Paris – 26.06.2026 : Dans une décision majeure, le tribunal administratif de Paris a contraint le gouvernement français à élaborer et à mettre en œuvre dans un délai d’un an un plan d’action national pour la protection des baleines dans le golfe de Gascogne. Cette mesure vise à réduire les prises accidentelles de petits cétacés, notamment des dauphins communs, des grands dauphins et des marsouins, qui sont menacés par les activités de pêche.

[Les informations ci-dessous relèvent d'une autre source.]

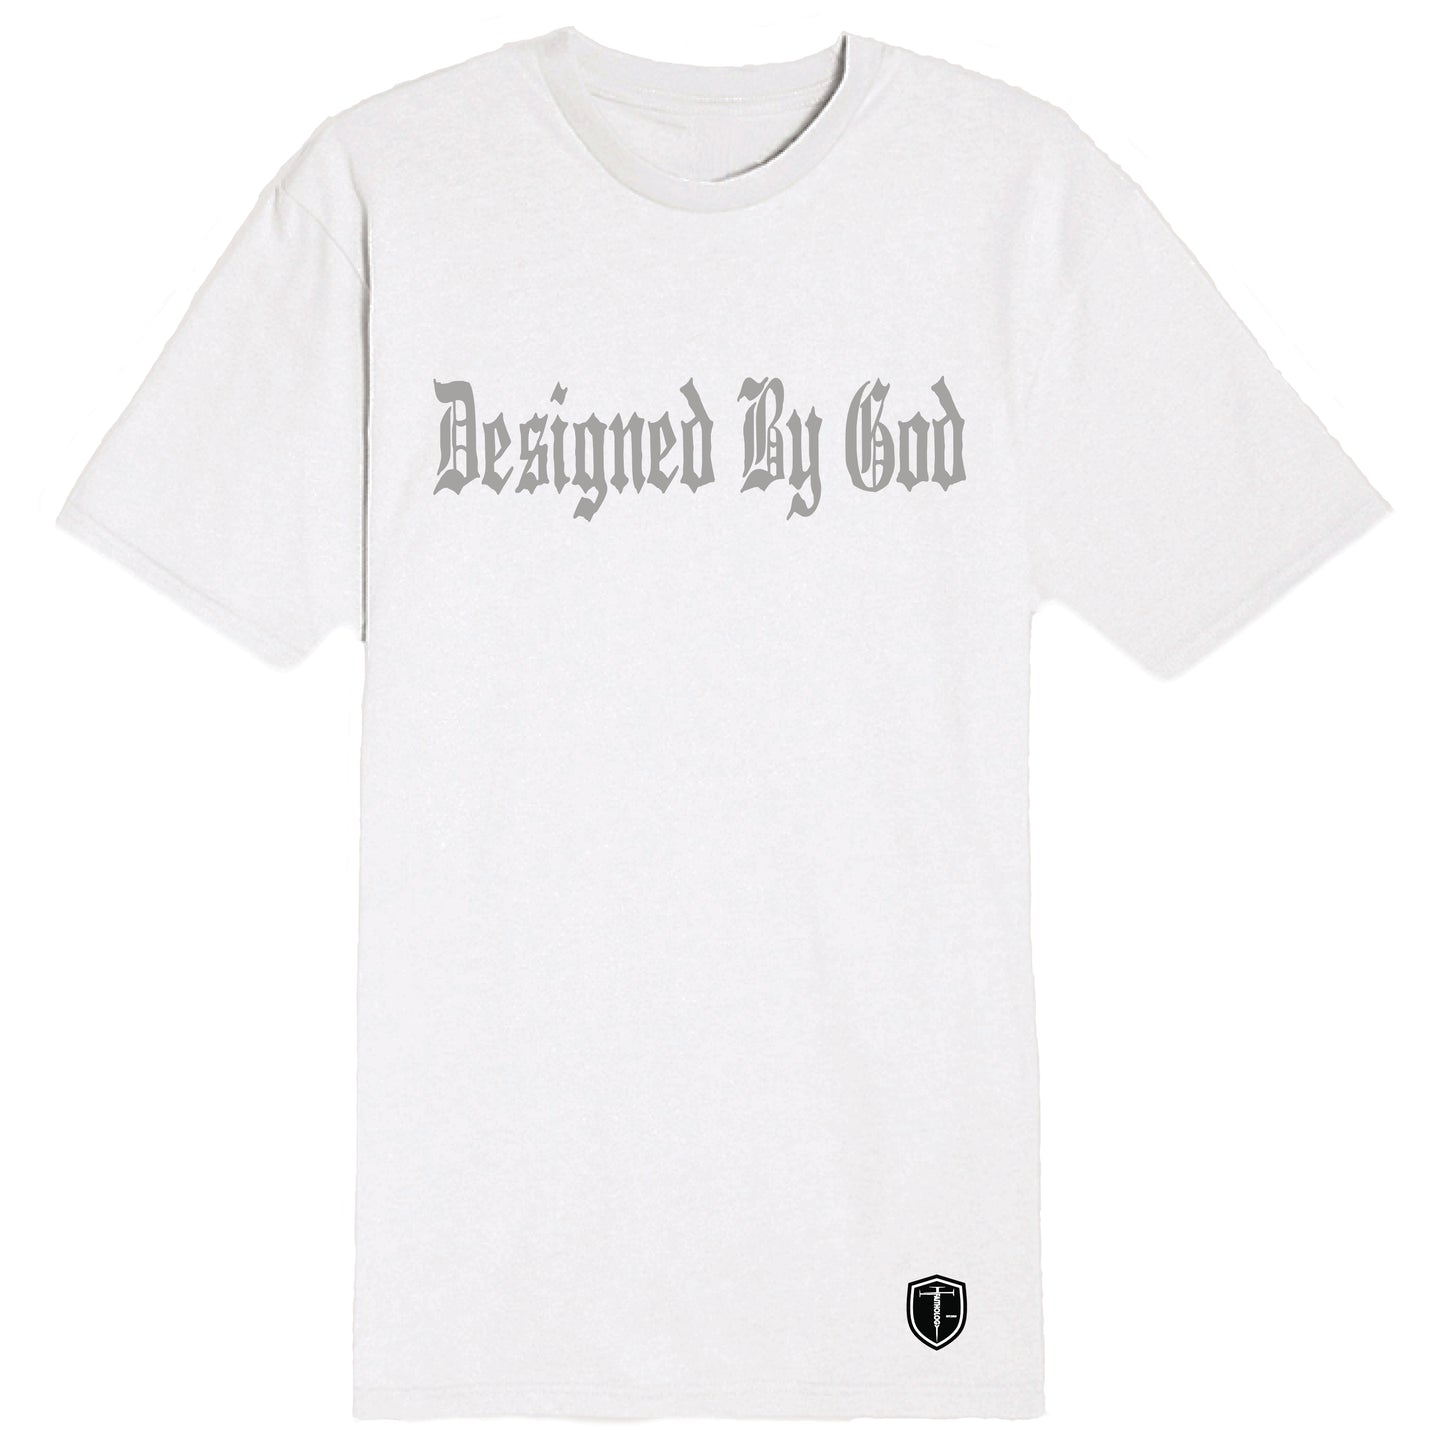 DESIGNED BY GOD (Black)

La plainte a été déposée par les organisations environnementales France Nature Environnement, Défense des milieux aquatiques et Sea Shepherd France, qui ont salué cette décision comme « historique pour la protection des espèces ». Elles avaient poursuivi le gouvernement afin d’obtenir une compensation pour les dommages écologiques causés par les prises accidentelles dans la région.

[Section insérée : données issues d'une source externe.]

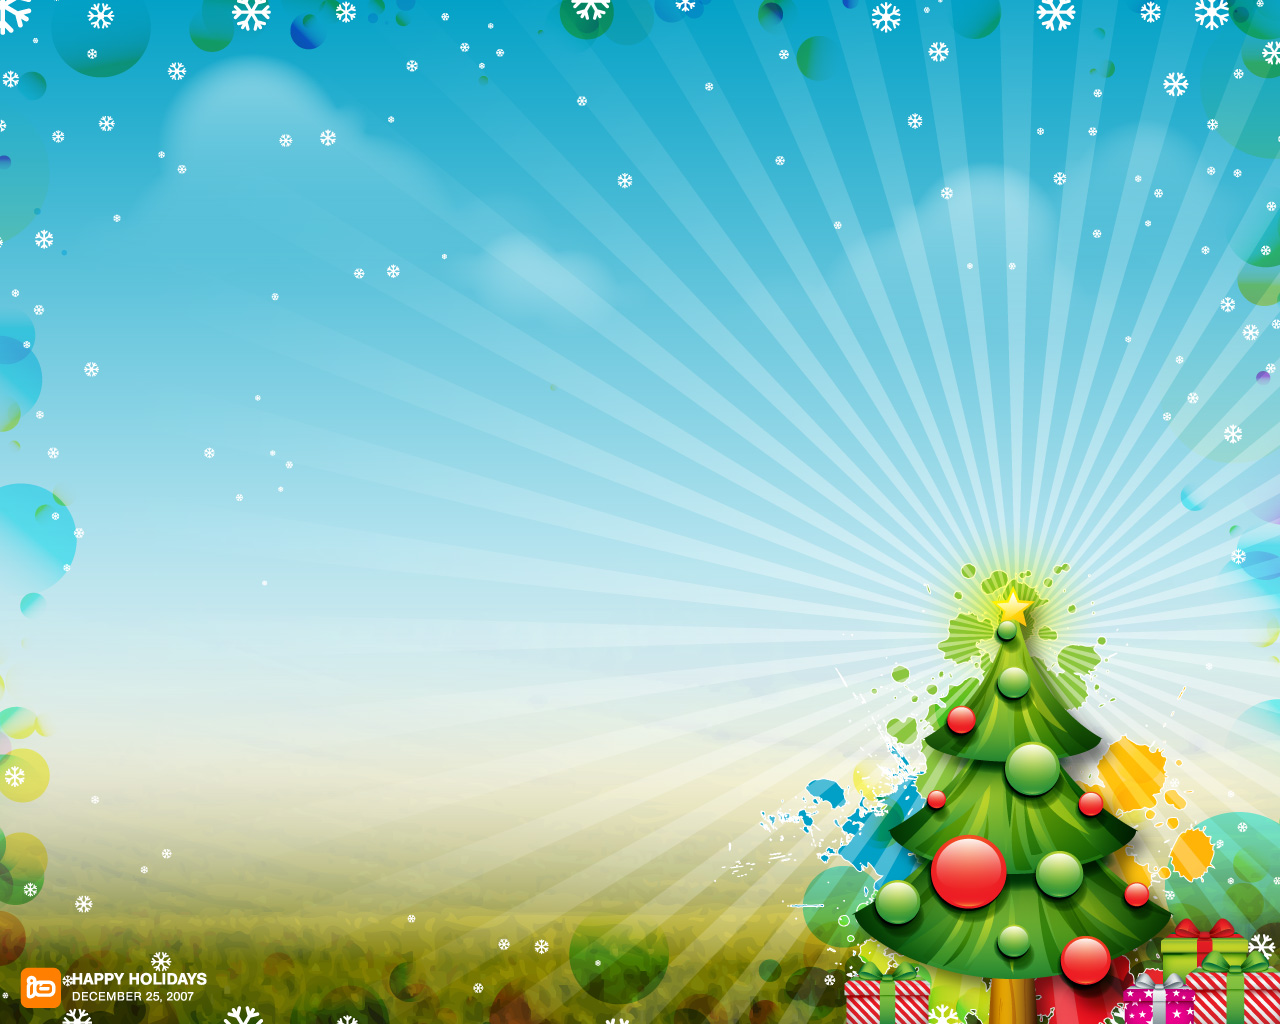 Bạn đang tìm kiếm hình nền Giáng sinh HD đẹp để trang trí cho máy tính của mình? Hãy đến với WallpaperSafari và khám phá ngay những bức ảnh tuyệt đẹp với chủ đề Giáng sinh đầy màu sắc và sống động. Hình ảnh chi tiết và rực rỡ màu sắc sẽ giúp cho màn hình của bạn trở nên vô cùng thu hút và ấn tượng.

Le tribunal a constaté que les prises accidentelles entre 2018 et 2025 ont atteint un niveau mettant en danger l’état de conservation des espèces concernées. Il a été établi que le nombre estimé de prises accidentelles pour chacune des trois espèces dépasse les seuils nécessaires à la viabilité à long terme des populations. Une partie de cette mortalité a été attribuée à la mise en œuvre insuffisante des mesures de protection par l’État.
Par conséquent, la responsabilité de l’État pour les dommages écologiques causés par la dégradation de l’état de conservation favorable de ces espèces protégées a été reconnue. Pour remédier à ces dommages, il a été ordonné à l’État d’élaborer et de mettre en œuvre un plan d’action national dans un délai d’un an. Ce plan vise à améliorer l’état de conservation des dauphins communs, des marsouins et des grands dauphins et à réduire durablement les prises accidentelles dans le golfe de Gascogne. En cas de retard, une amende de 15 000 euros par mois sera appliquée.

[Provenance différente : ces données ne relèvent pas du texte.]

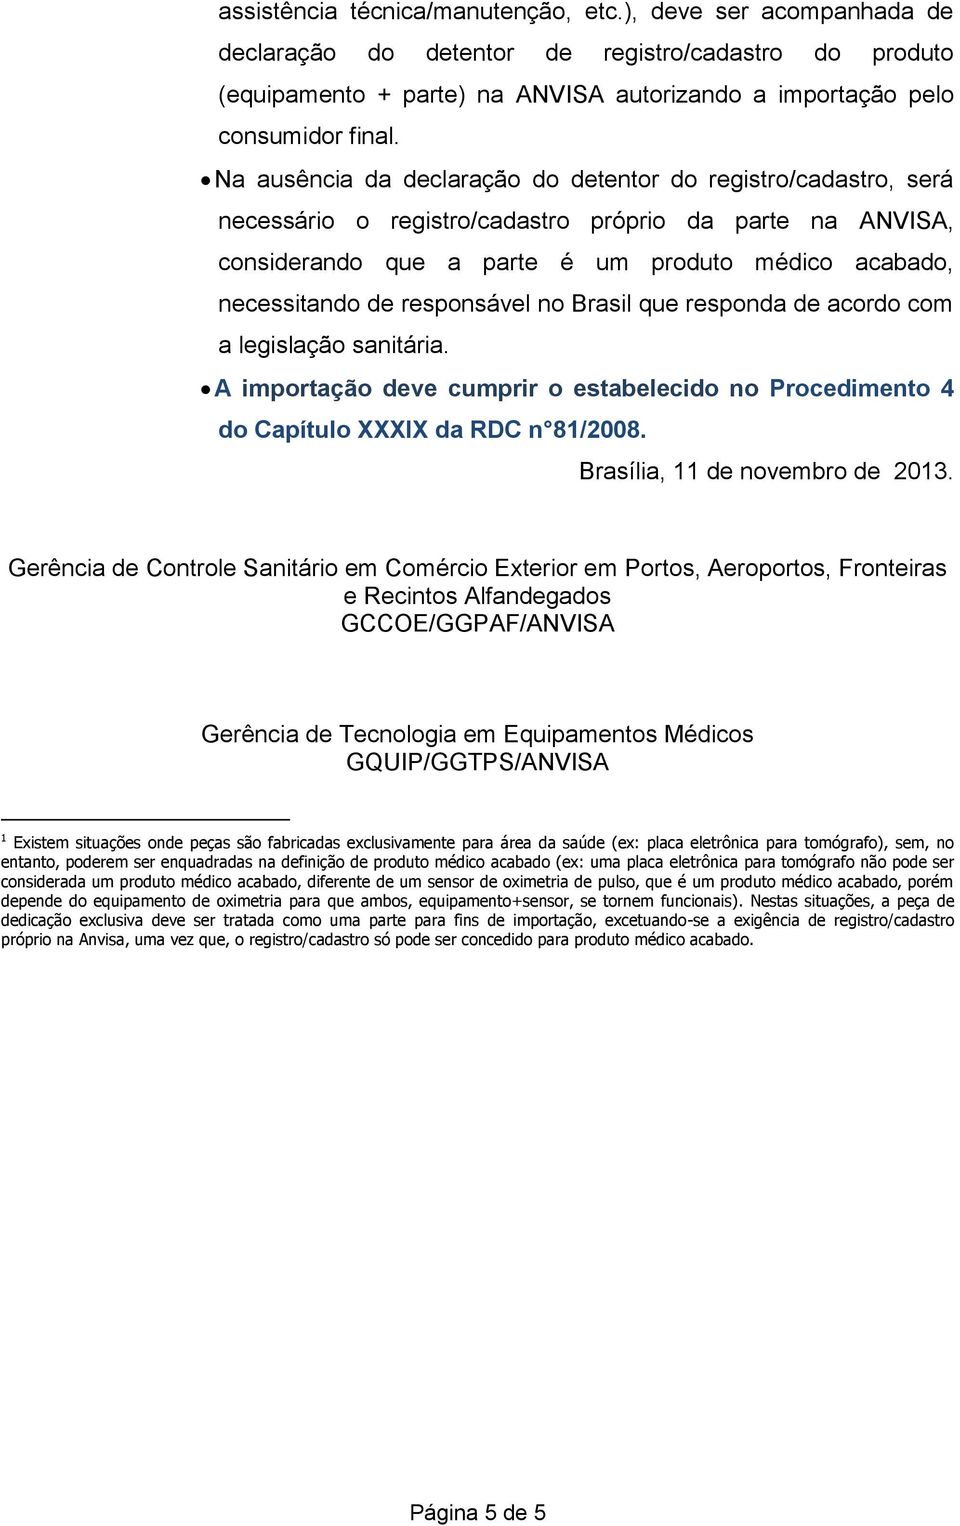 responsável no Brasil que responda de acordo com a legislação sanitária. Brasília, 11 de novembro de 2013.

De plus, l’État a été contraint de prendre des mesures dans un délai de six mois pour réduire les prises accidentelles de ces espèces dès l’hiver 2026-2027. Pour chaque jour de retard au-delà de cette période, une amende de 500 euros sera infligée.
Cette décision fait suite à des ordonnances judiciaires antérieures imposant à l’État de fermer certaines zones de pêche dans le golfe de Gascogne pendant des périodes déterminées afin de limiter les prises accidentelles de petits cétacés. Ces mesures ont déjà été mises en œuvre durant les hivers 2024 et 2025, avec la fermeture des activités de pêche pendant quatre semaines en janvier et février.
Les décisions judiciaires actuelles soulignent l’urgence de renforcer la protection des petits cétacés dans le golfe de Gascogne. La mise en œuvre d’un plan d’action national complet est considérée comme essentielle pour assurer la survie à long terme de ces espèces dans la région.